BRIEF DESCRIPTION OF THE DRAWINGS

[0012] The accompanying drawings, which are incorporated in and constitute part of the specification, illustrate embodiments of the invention and together with the description, serve to explain the principles of the invention. The embodiments illustrated herein are presently preferred, it being understood, however, that the invention is not limited to the precise arrangements and instrumentalities shown, wherein:

[0013] FIG. 1 is a schematic illustration of an IVR system configured for the speech disambiguation of strings in accordance with the inventive arrangements; and,

[0014] FIG. 2 is a flow chart illustrating a process for speech disambiguation of strings in the IVR system of FIG. 1.

DETAILED DESCRIPTION OF THE PREFERRED EMBODIMENTS

[0015] The present invention is a method, system and apparatus for the speech disambiguation of strings in an IVR system. In accordance with the present invention, one or more fields within an interface managed by the IVR system can be processed to identify a subset of input for the field which enjoys a higher likelihood of pattern recognition. Specifically, the string can be inspected to identify a subset consisting of numbers, letters or both which enjoys a higher likelihood of accurate speech recognition than other numeric characters, alphabetic characters, and alphanumeric characters in the string. Similarly, the string can be inspected to identify a pattern of numeric characters, alphabetic characters, and alphanumeric characters which are more likely to be uniquely identified among a database of strings than other numeric characters, alphabetic characters, and alphanumeric characters.

[0016] Once a subset has been identified for the strings associated with the field, interacting users can be prompted to complete the field not by specification of the entire string associated with the field, but with a mere subset of the string associated with the field. As the subset will have been chosen to enhance both the likelihood of speech recognition and unique identification, the IVR system can more efficiently match the provided input to existing data for the field without requiring the use of exhaustive levels of prompting for complete string input. In this regard, the provided user input can be disambiguated from other possible matching data without subjecting the user to unnecessary prompts.
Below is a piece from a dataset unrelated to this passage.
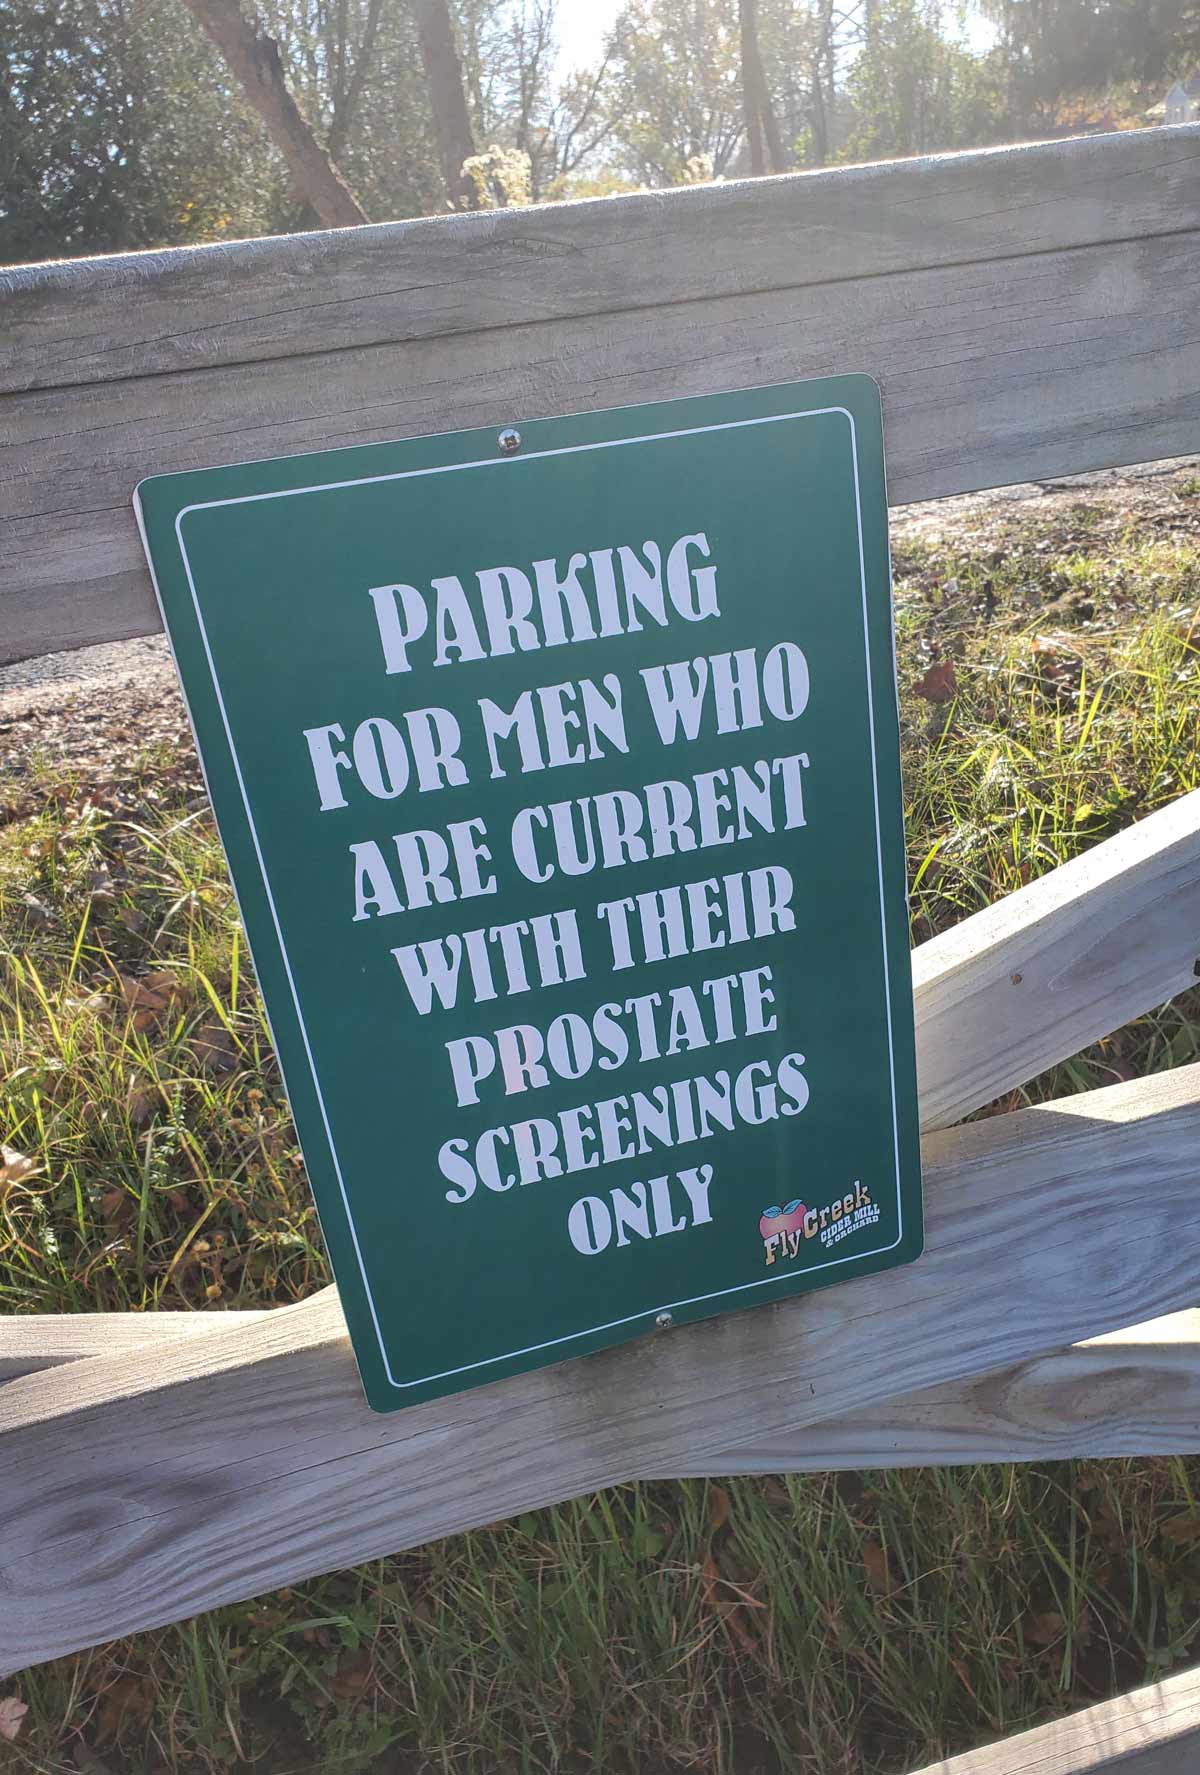 This parking sign at a cider mill

[0017] FIG. 1 is a schematic illustration of an IVR system 140 configured for the speech disambiguation of strings in accordance with the inventive arrangements. The IVR system 140 can be coupled to a computer communications network 150 over which one or more end users 110 can access the IVR system 140. The IVR system 140 particularly can be coupled to a call processing gateway 130 through which the end users 110 can access the IVR system 140 through a telephony user interface 120. In particular, the telephony user interface 120 can provide telephonic means by which the end users 110 can access the IVR system 140, such as through voice prompting and speech recognition, or DTMF signaling and DTMF signal processing.

[0018] The IVR system 140 also can be coupled to an IVR application (not shown) having one or more forms such as VoiceXML defined forms (not shown) having one or more form fields 160 (only one form field shown for the purpose of illustrative simplicity). The form field 160 can be used to indicate that the end users 110 are to provide user input to complete the form field 160. To that end, the skilled artisan will recognize that the form field 160 can be freely completed without validation, or the input provided to complete the form field 160 can be limited to data pre-existing in a database 170. Thus, the IVR system 140 can further be coupled to a search process 180 with which the database 170 can be searched based upon input to the form field 160.
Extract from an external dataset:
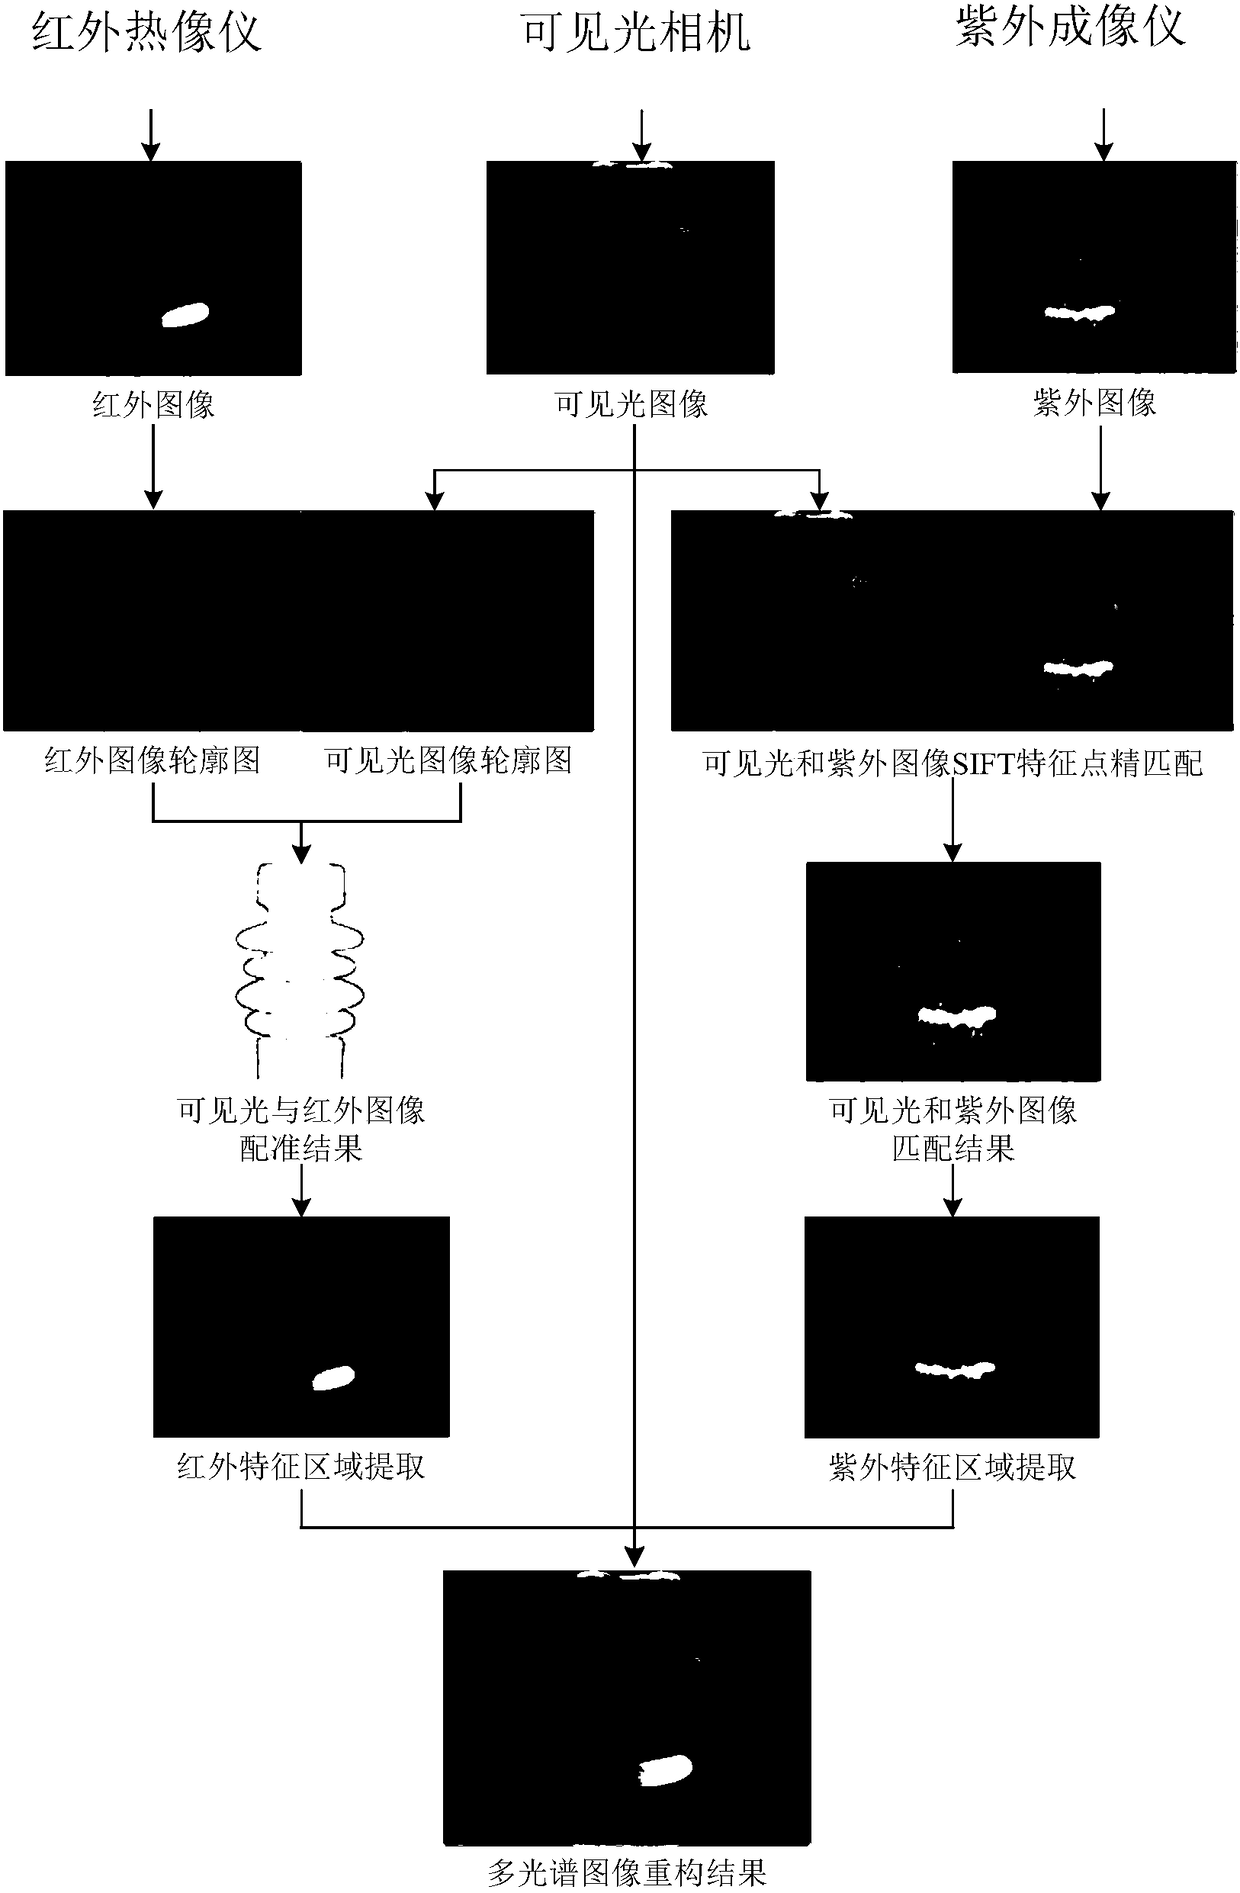 Multispectral image reconstruction method for online detection of electric equipment

[0019] In accordance with the present invention, the IVR system 140 can be configured with a sub-string analyzer 190. The sub-string analyzer 190 can be programmed to inspect individual numeric, alpha, and alphanumeric characters of a string field in the database 170. The sub-string analyzer 190 further can be programmed to compute a likelihood of uniqueness and recognition of each position in the string for the entries in the database 170 to determine a sub-string pattern of characters having a highest likelihood both of recognition and uniqueness.

[0020] For example, the database 190 can be a contact database incorporating the name, address, telephone number and order number of a series of customers as follows:

1 John Smith 123 Elm Street 561-123-4567 S1234JW3457 Bob Johnson 456 Oak Lane 954-456-7890 J4987HQ4539 Jane Doe 789 Wood Ave 305-987-6543 D8764L7795 John Doe 789 Wood Ave 305-987-6543 D9764L7795

[0021] The order number field can be associated with the form field 160 for order number. Instead of requiring the end users 110 to specify the entire order number, however, a sub-string within the order number field can be identified as the last four digits which enjoy a high probability of recognition and uniqueness.

[0022] In operation, once the suitable sub-string has been identified by the sub-string analyzer 190, the IVR system 140 can accept forms interaction from the end users 110. In particular, when the form field 160 has been activated, the IVR system 140 can forward a prompt 100A for the end users 110 to provide input not for the entire string associated with the form field 160, but for the sub-string identified by the sub-string analyzer 190. The end users 110, in turn, can provide sub-string input 110B to the IVR system 140.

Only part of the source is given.